Унесенные ветром. Том 2 - страница 55



– Мисс Мелли назвал свой мальчик Борегар[5]. Скажет ей, я, Рене, одобряет, и скажет: только Иисус – имя лучше. – Он улыбнулся, но глаза его сверкнули гордостью, когда он произнес имя смельчака – героя Луизианы[6].

– Но есть еще Роберт Эдвард Ли, – заметил Томми. – Хотя я вовсе не собираюсь принижать репутацию старины Борегара, я своего первого сына назову Боб Ли Уилбери.

Рене расхохотался и пожал плечами.

– Я расскажу тебе одна история. Только это чистая правда. И ты сейчас увидит, что креолы думать о наш храбрый Борегар и ваш генерал Ли. В поезде под Новый Орлеан едет человек из Виргиния – солдат генерал Ли, и он встречает креол из войск Борегар. И этот человек из Виргиния – он говорит, говорит, говорит, как генерал Ли делать то и генерал Ли сказать это. А креол – он вежливый, он слушать и морщить лоб, точно хочет вспоминать, а потом улыбаться и говорит: «Генерал Ли?! А, oui![7] Вспомнил! Генерал Ли! Это тот человек, про который генерал Борегар очень хорошо говорит!»

Скарлетт из вежливости посмеялась, хотя ничего в этой истории не поняла – разве лишь то, что креолы, оказывается, такие же воображалы, как обитатели Чарльстона и Саванны. А кроме того, она всегда считала, что сына Эшли следовало назвать по отцу.

Музыканты, попиликав, чтобы настроить инструменты, заиграли «Старик Дэн Таккер», и Томми повернулся к ней.

– Будете танцевать, Скарлетт?
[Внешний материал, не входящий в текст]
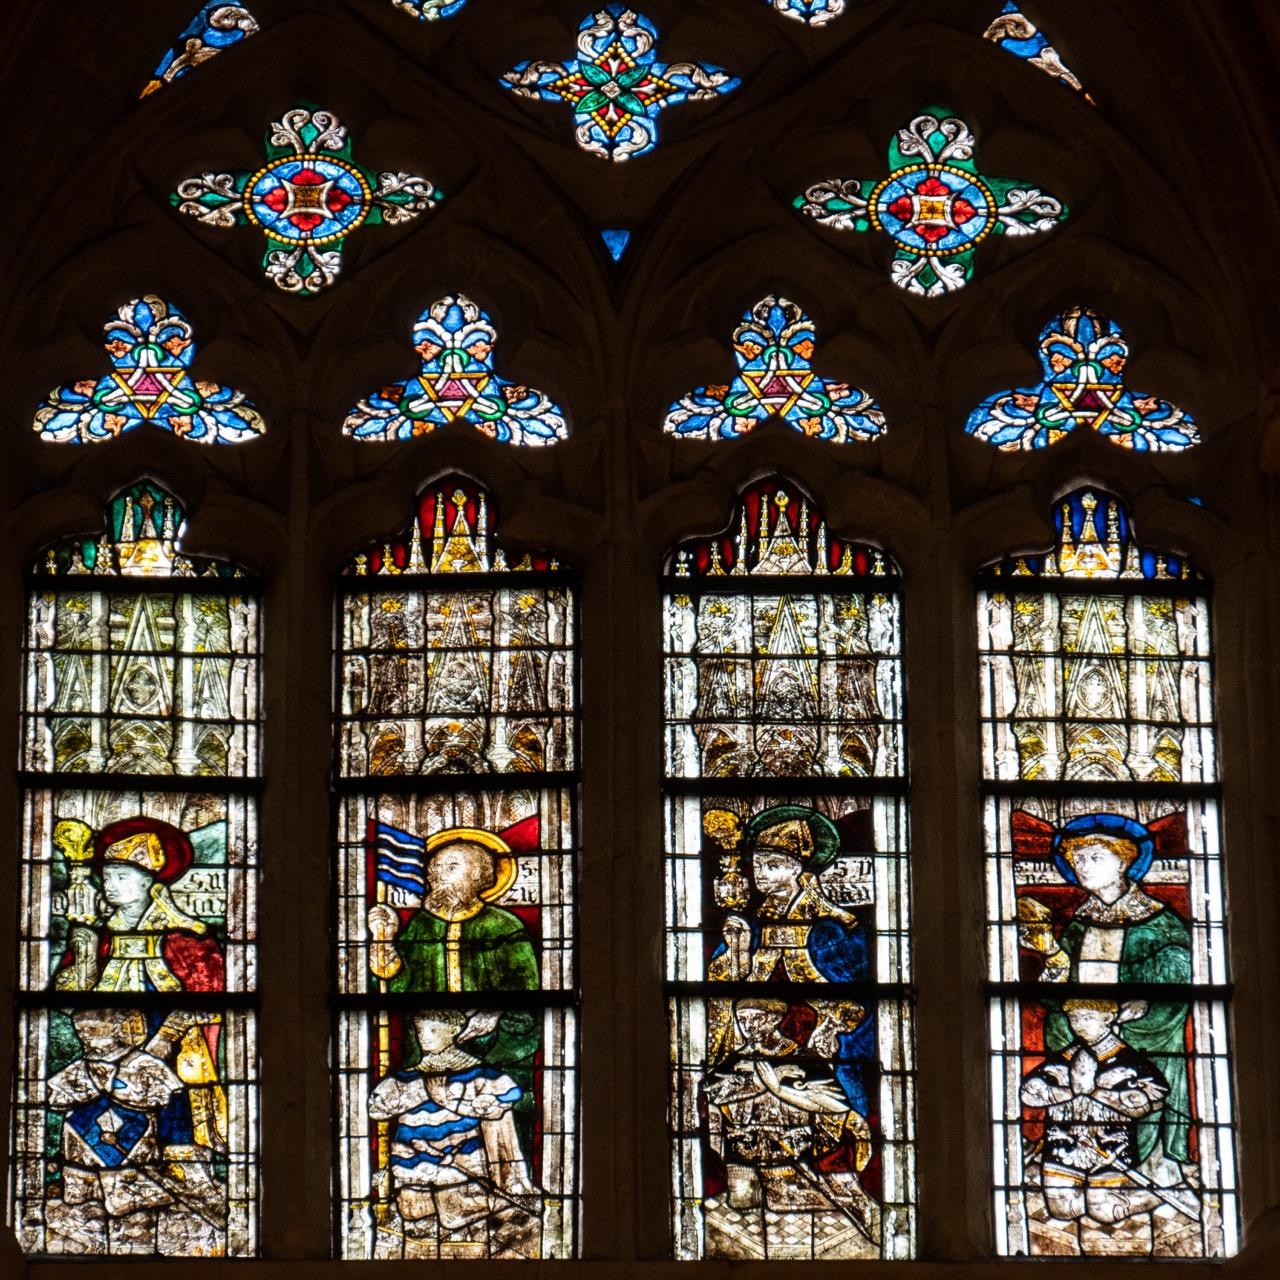 Obergadenfenster im Chor mit Personen aus der Familie Tréanna (Jean Soyer, 1417/19)
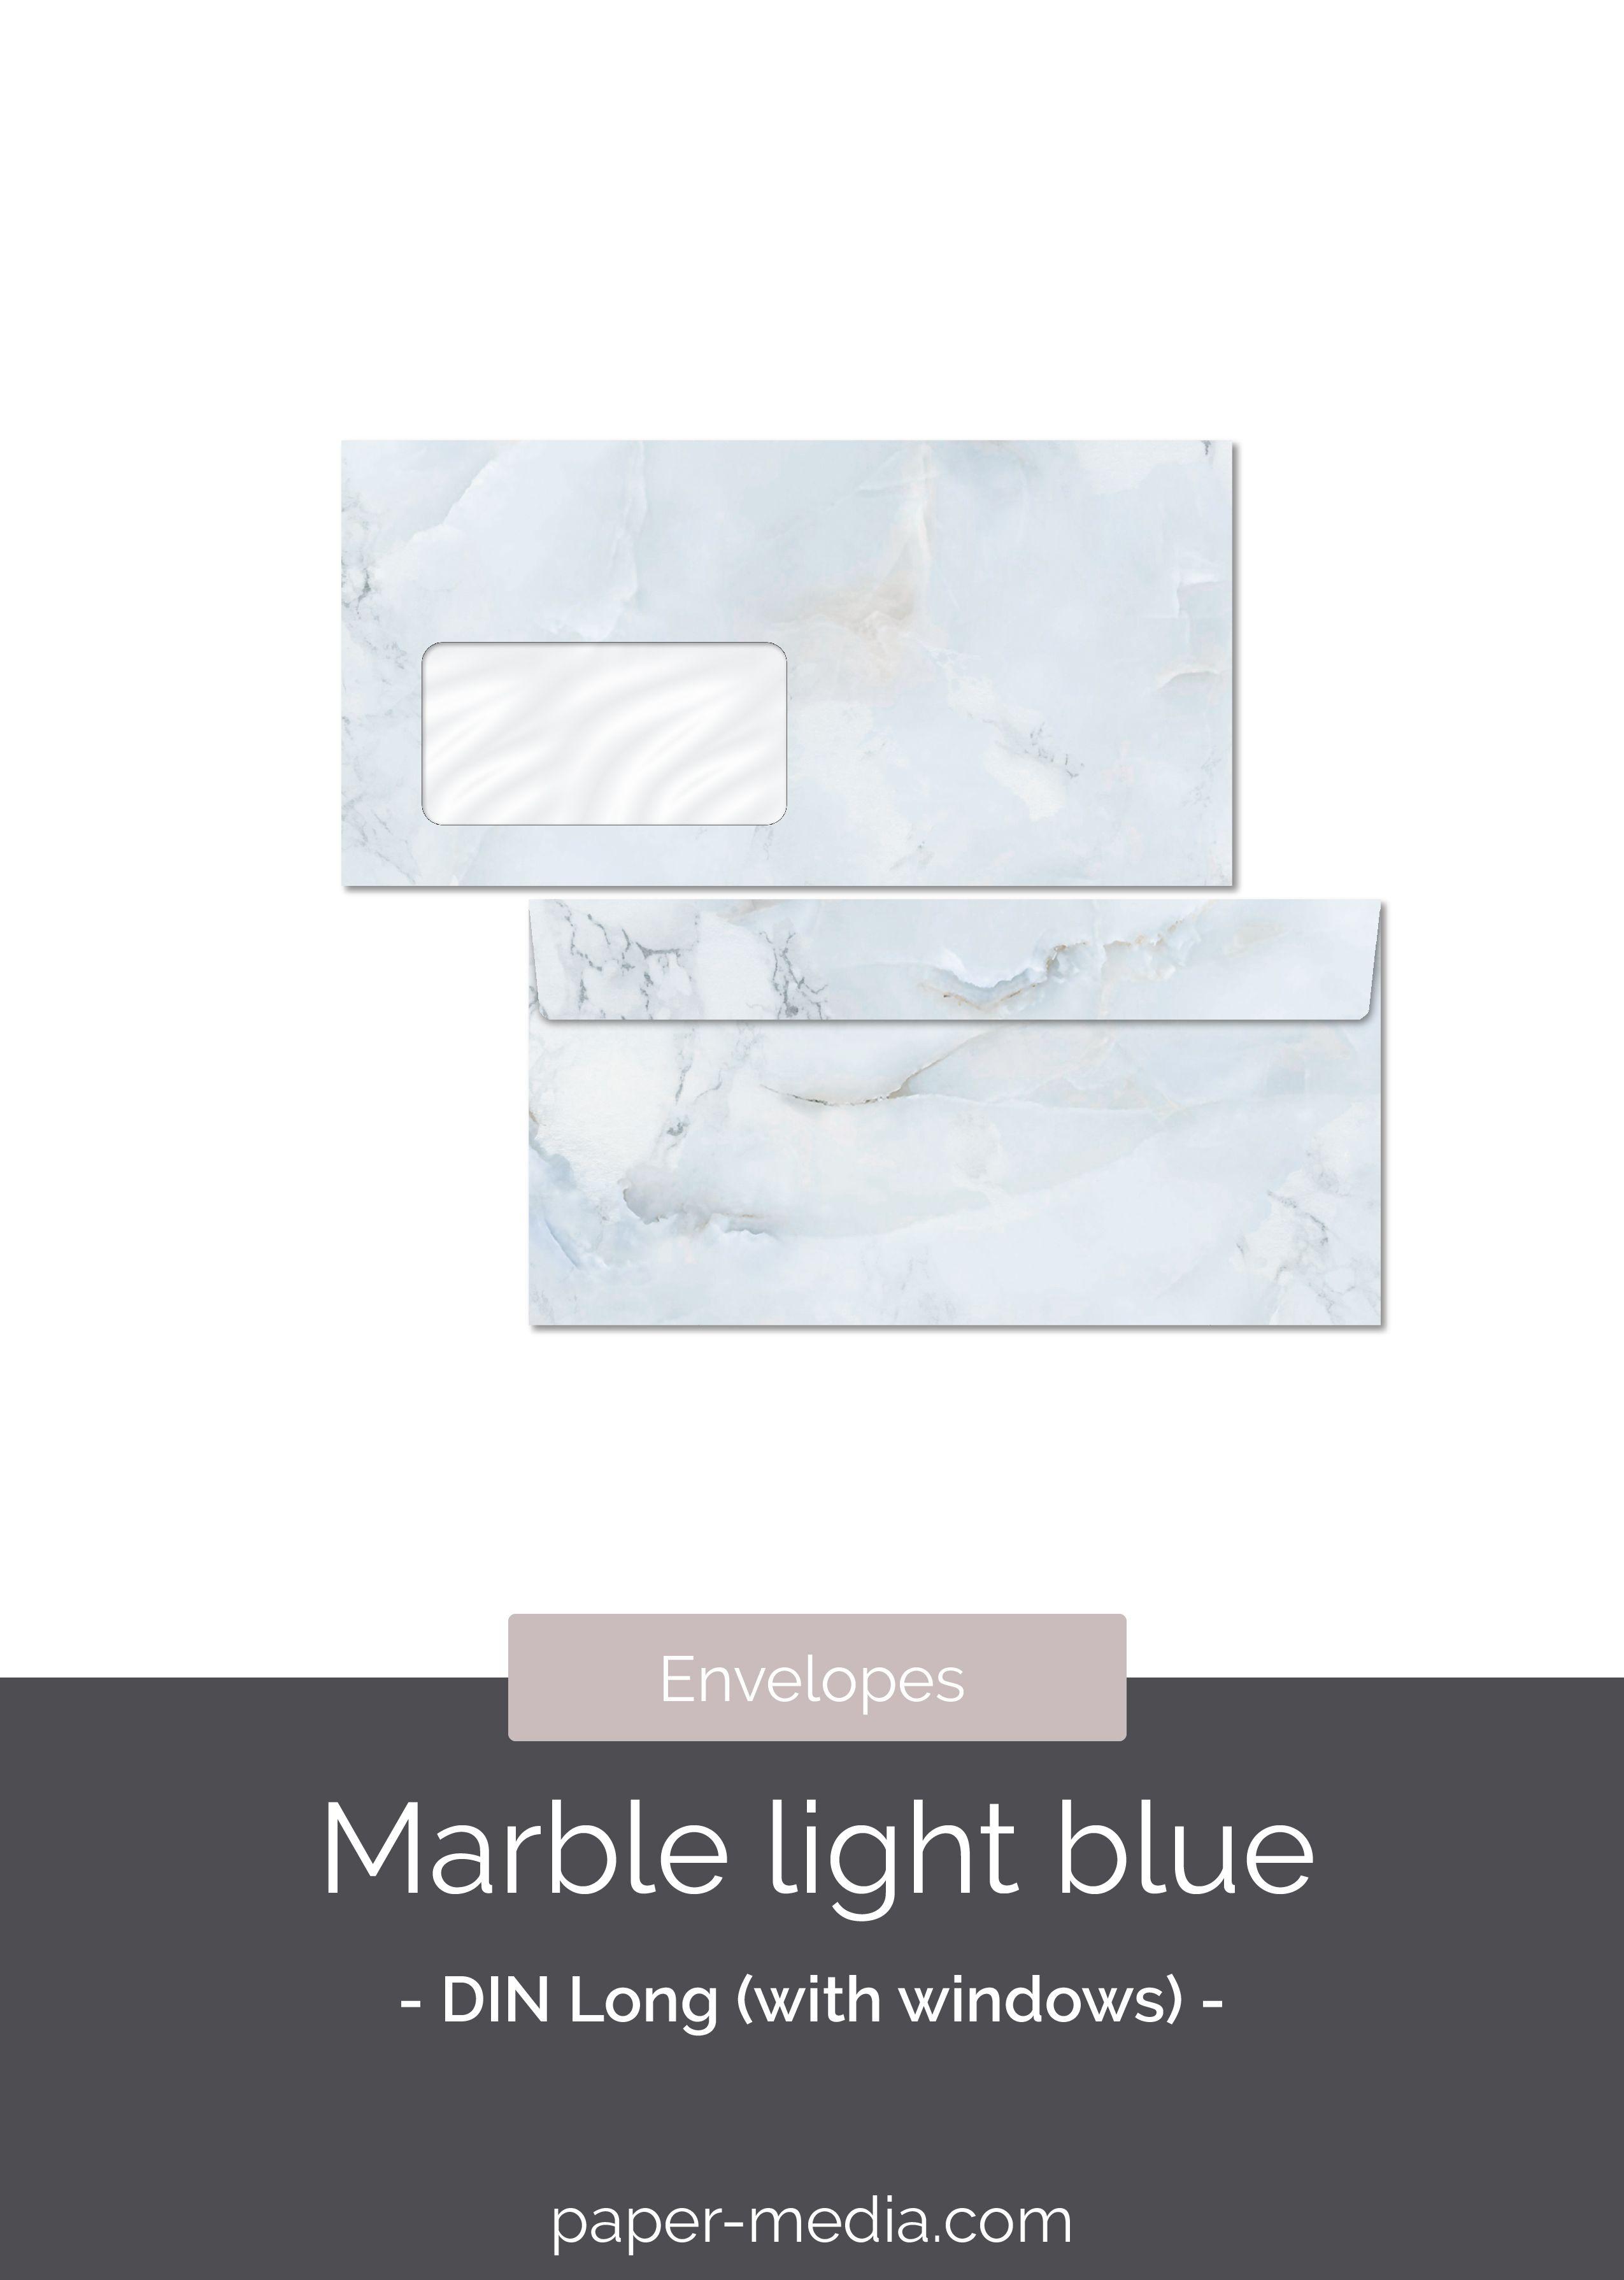 10 Patterned Envelopes Marble Light Blue In Standard Din Long Format With Windows In 2020 Schreibwaren Umschlage Briefpapier

Я в партнеры вам, конечно, не гожусь, но Хью или Рене…

– Нет, спасибо, я все еще в трауре по маме, – поспешно сказала Скарлетт. – Я посижу.

Она отыскала глазами Фрэнка Кеннеди, разговаривавшего с миссис Элсинг, и поманила его.

– Я посижу в нише вон там, а вы принесите мне чего-нибудь освежительного, и мы поболтаем, – сказала она Фрэнку, когда три ее собеседника отошли.

Он тотчас помчался выполнять ее просьбу и вскоре вернулся с бокалом вина и тоненьким, как бумага, ломтиком кекса, и Скарлетт, старательно уложив юбки, чтобы скрыть наиболее заметные пятна, уселась в нише в дальнем конце залы. Память об унизительных минутах, пережитых утром у Ретта, отодвинулась на задний план – ее возбуждал вид всех этих людей и звуки музыки, которой она так давно не слыхала. Завтра она снова будет думать о поведении Ретта, о своем унижении и снова будет кипеть от гнева. Завтра она будет прикидывать, удалось ли ей оставить след в раненой, потрясенной душе Фрэнка. Но не сегодня. Сегодня в ней до самых кончиков ногтей бурлила жизнь, все чувства были обострены надеждой, и глаза сверкали.

Она смотрела в большую залу на танцующих из своей ниши и вспоминала, какой красивой показалась ей эта комната, когда она впервые приехала в Атланту во время войны. Тогда паркет был натерт и сверкал, как стекло, а огромная люстра под потолком сотнями крошечных призм ловила и отражала сияние десятков свечей и, словно бриллиант, посылала во все, концы комнаты огненно-красные и синие огни. Со старинных портретов на стенах благородные предки милостиво взирали на гостей, излучая радушие. Мягкие подушки на диванчиках розового дерева так и манили к себе, а на почетном месте, в нише, стояла самая большая софа – та, на которой она сейчас сидела. Она любила сидеть здесь во время балов и вечеринок. Отсюда видна была вся зала и расположенная за ней столовая, где стоял овальный стол красного дерева, за которым могло поместиться человек двадцать, а вдоль стен – двадцать стульев на изящных ножках, массивный буфет и горка, заставленные тяжелым серебром, семисвечными канделябрами, кубками, сосудами для уксуса и масла, графинами и сверкающими рюмками. Она так часто сидела здесь, на софе, в первые годы войны, всегда с каким-нибудь красивым офицером, наслаждаясь звуками скрипки и контрабаса, аккордеона и банджо, перекрывавшими шарканье ног танцоров по навощенному, до блеска натертому паркету.